== WHAT THE TASK ASKS ==
Exactly as they stand, copy the lines from the one containing "AKA T-Shirt - I Heart AKA, Lime Green" to the final line of the data; leave out the pictures.

== COLLECTED MATERIAL ==
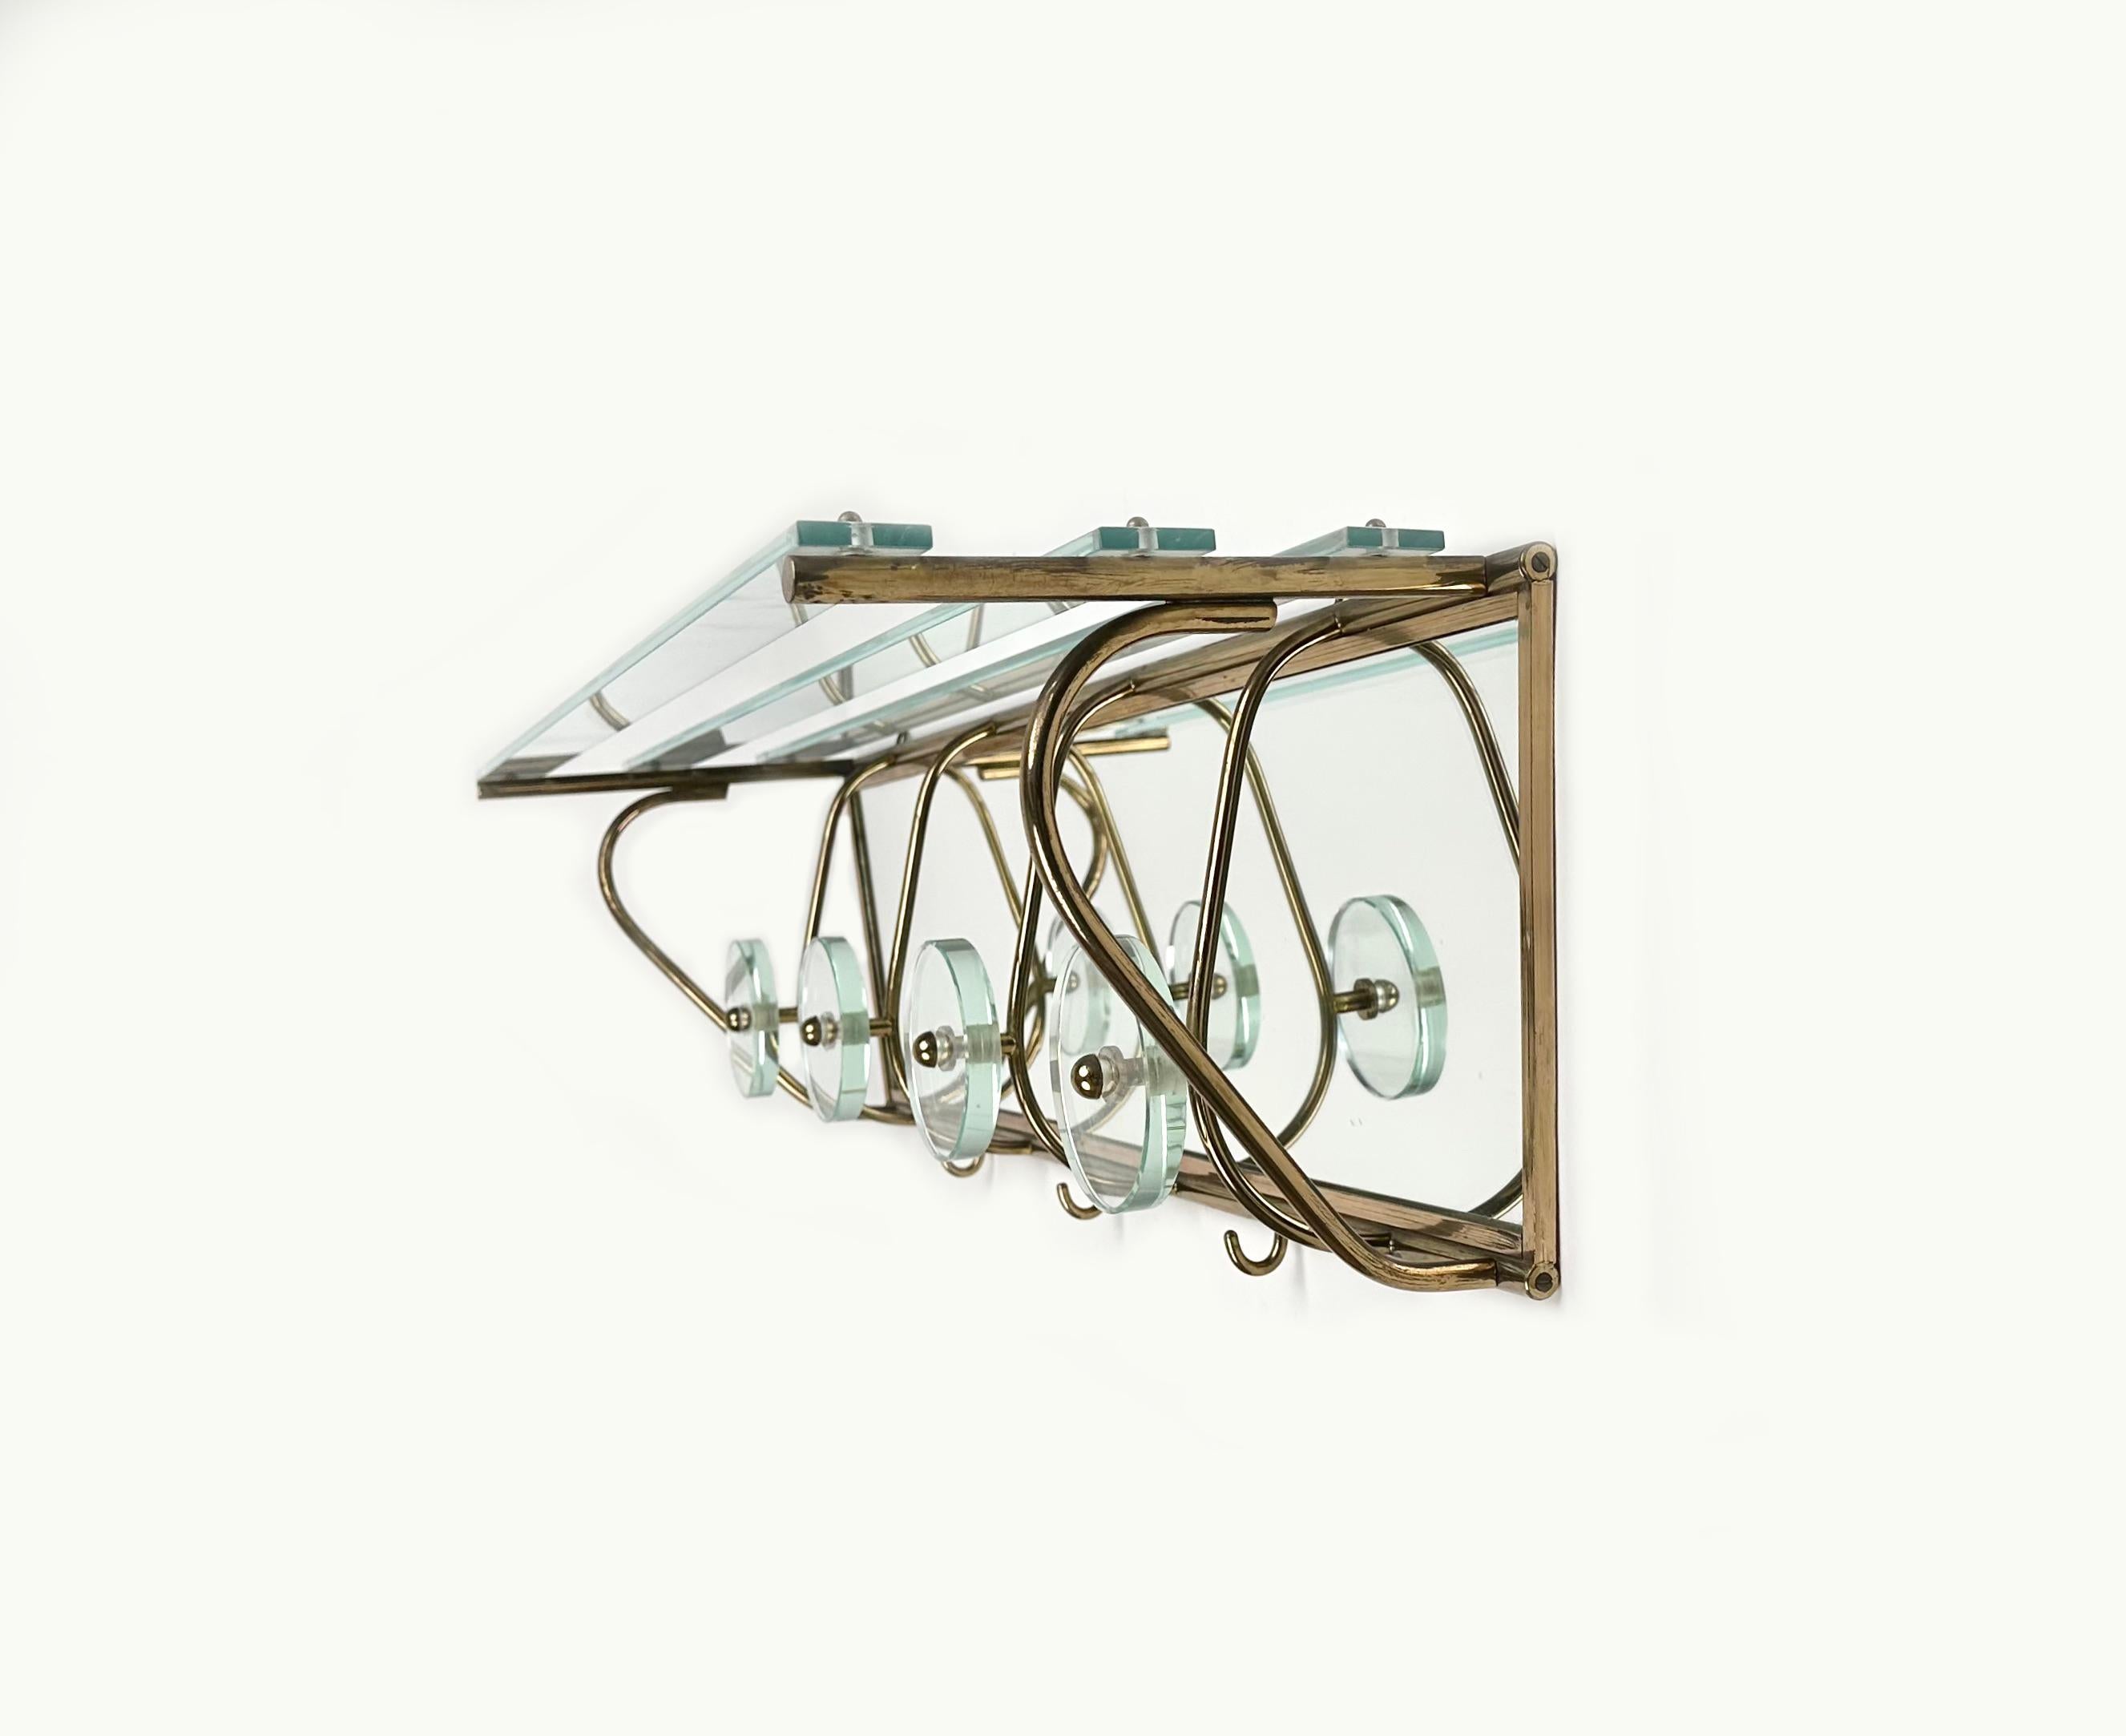 Metal Coat Rack Shelf in Mirror, Brass and Glass Fontana Arte style, Italy 1950s
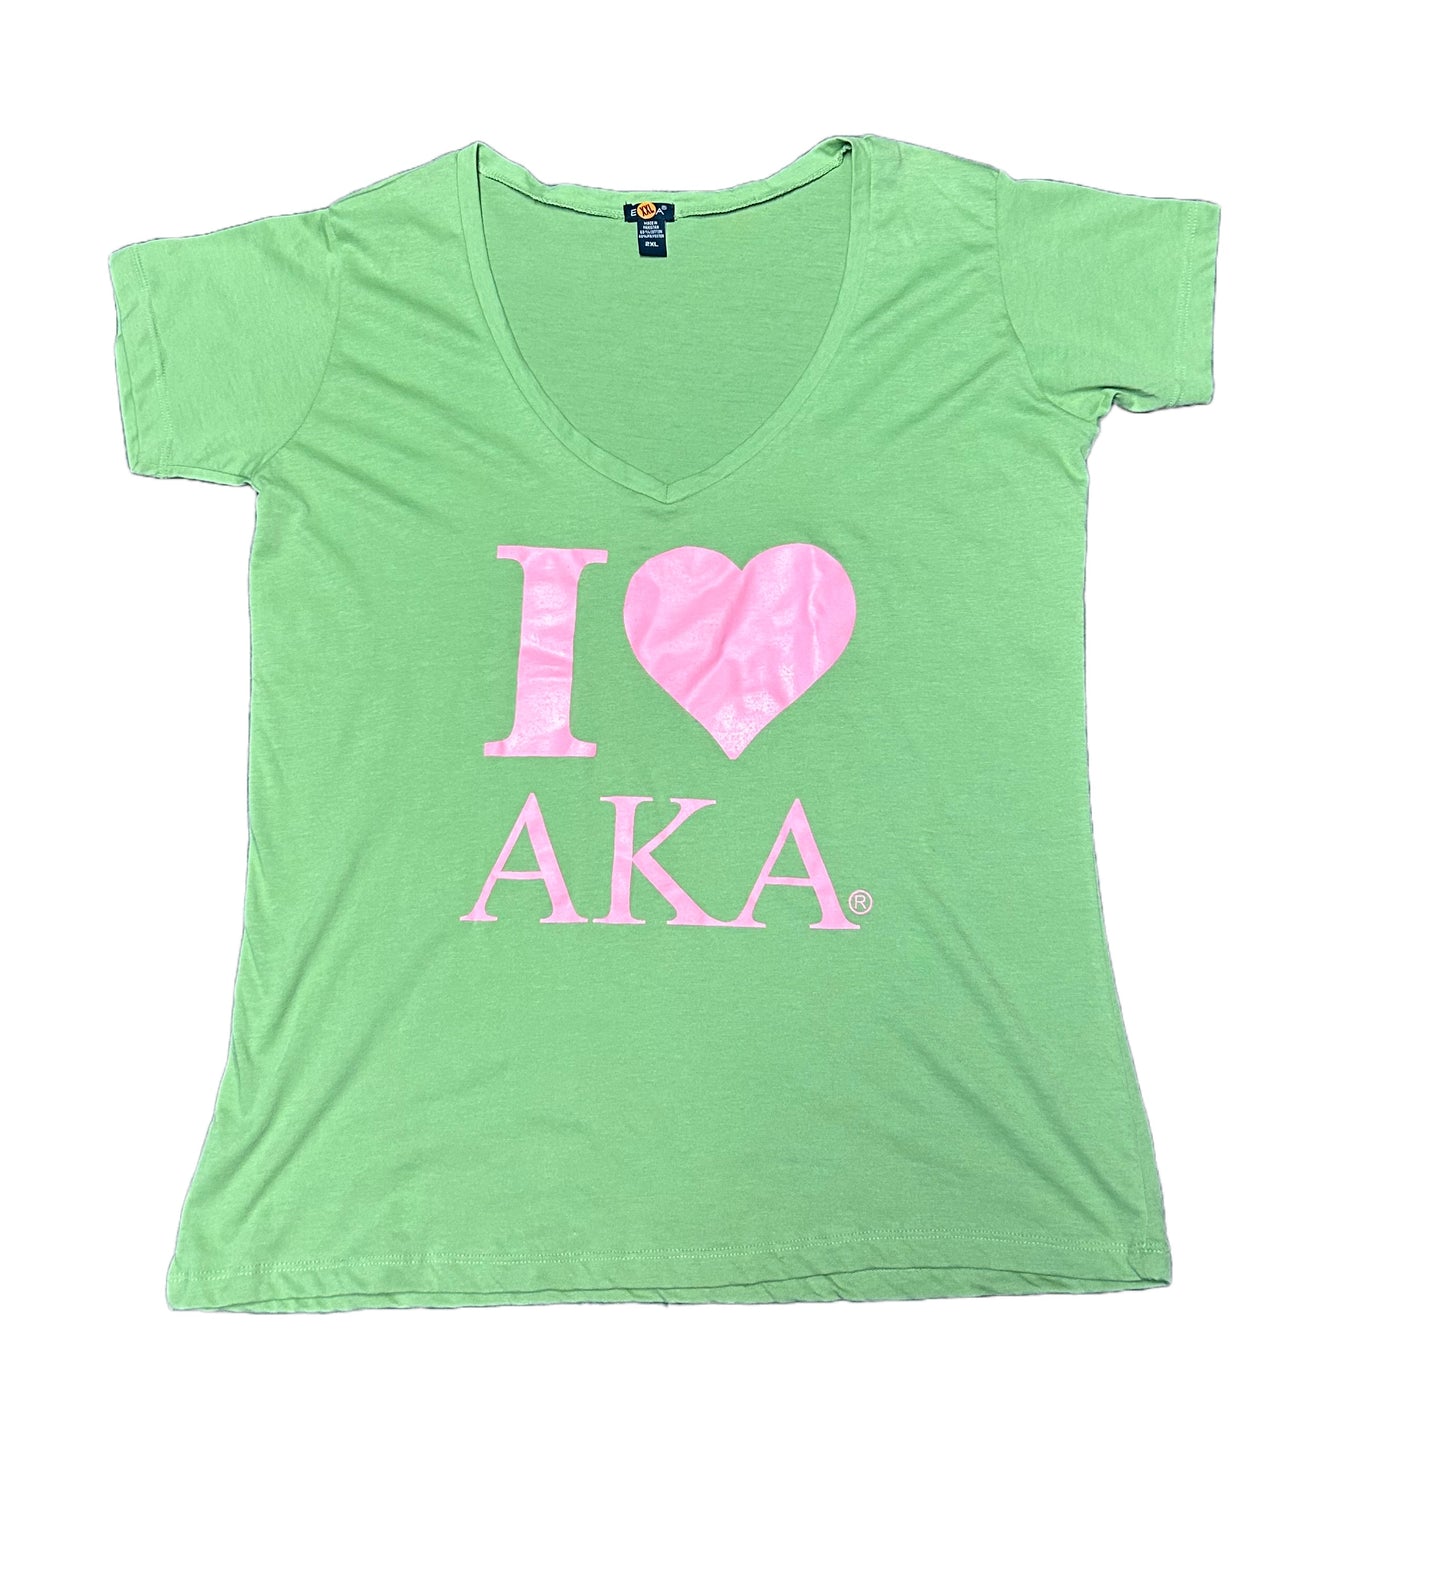 AKA T-Shirt - I Heart AKA, Lime Green
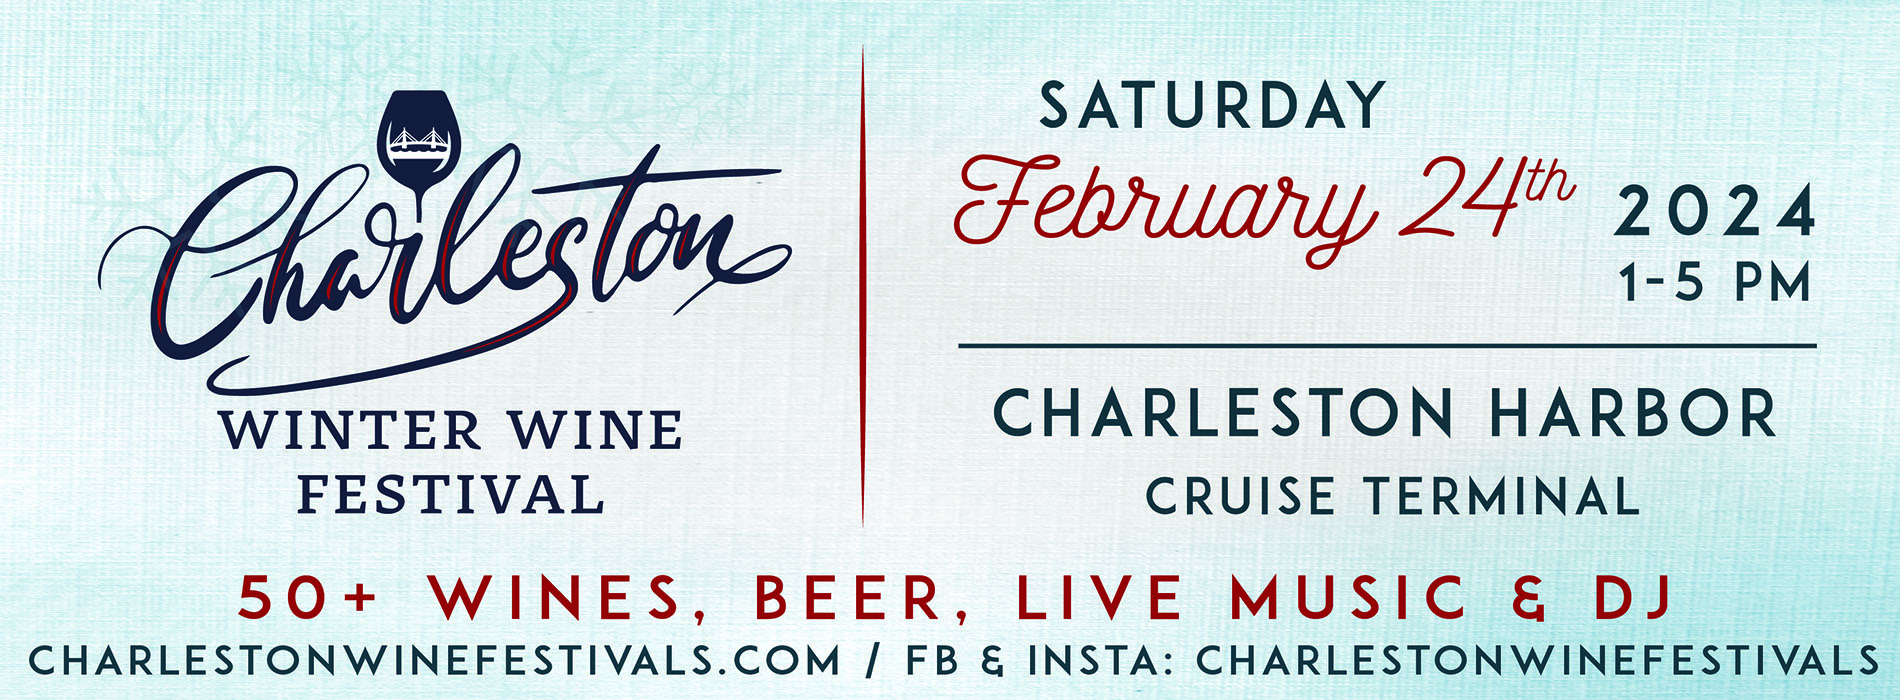 Winter Wine Festival new location is Charelston Harbor Cruise terminal

== FINISHED TASK ==
 AKA T-Shirt - I Heart AKA, Lime Green
 Winter Wine Festival new location is Charelston Harbor Cruise terminal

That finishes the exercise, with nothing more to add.